= Ernst Barthel =

Alsatian-German mathematician (1890–1953)

Ernst Philipp Barthel (17 October 1890 in Schiltigheim - 16 February 1953 in Oberkirch (Baden)) was an Alsace philosopher, mathematician, and inventor.

In the 1920s and 1930s he taught as a Privatdozent of philosophy at the University of Cologne. From 1924 on Barthel edited the magazine Antäus. Blätter für neues Wirklichkeitsdenken (Journal for new Reality Thinking), which served as the organ of the Gesellschaft für Lebensphilosophie (Society for Life Philosophy) founded by him in Cologne.

Barthel maintained philosophical friendships with his compatriots Albert Schweitzer and Friedrich Lienhard.
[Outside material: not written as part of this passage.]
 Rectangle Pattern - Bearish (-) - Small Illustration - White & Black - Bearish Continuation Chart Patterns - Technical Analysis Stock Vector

==Philosophy and Earth theory==
The main principle of Barthel's philosophy on the background of Christian Platonism was the Polarity, which he understood to be the most fundamental, constitutive law in all of nature. Besides his philosophical work he also published several works on geometry, further developing a non-Euclidean (Riemannian geometry, spherical) theory of geometry, which he called polar geometry. From this geometry he derived a new cosmology with the theory of a Great Earth, which states that the Earth is a maximal sphere in a cyclical space and its surface therefore a total plane, the equator plane of the Cosmos. The (total) plane, as well as the straight line and space as a whole, is flat, without curvature yet closed, running back on itself. Barthel considered this his most important theory, even the most significant thought of the century, as he writes in his autobiography.
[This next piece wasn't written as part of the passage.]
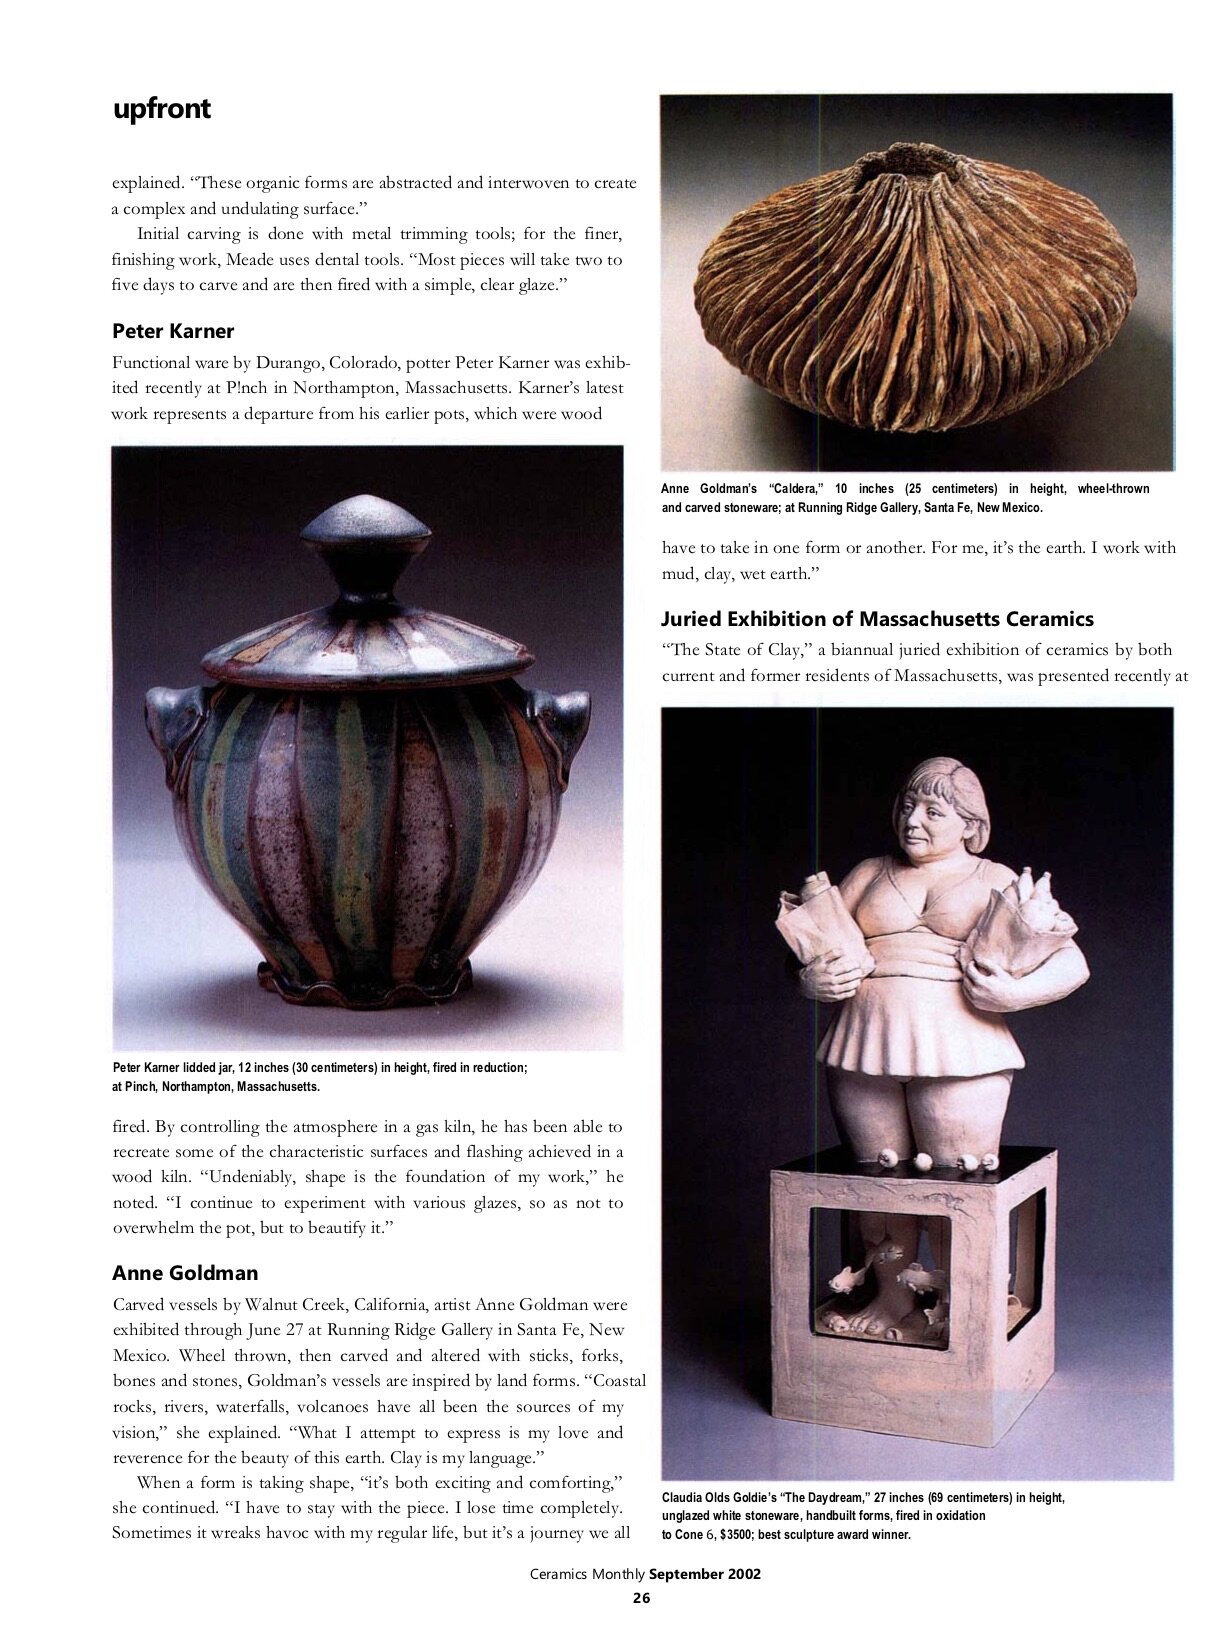 Ceramics_Monthly_sep02_cei0902d-Lynne-Meade-p25-1229x1631.jpg

While some of his academic colleagues stated that Barthel's theory is geometrically possible and consistent, others did not and accused Barthel of resorting to "the blight of personal calumny", deriding him for allegedly "teaching that the Earth is a disk" or outright declaring him crazy. Ultimately, Barthel's academic career was ruined. The Russian astronomer Leonid Leonidovich Andrenko considered Barthel's main thought among the most genius ever advocated.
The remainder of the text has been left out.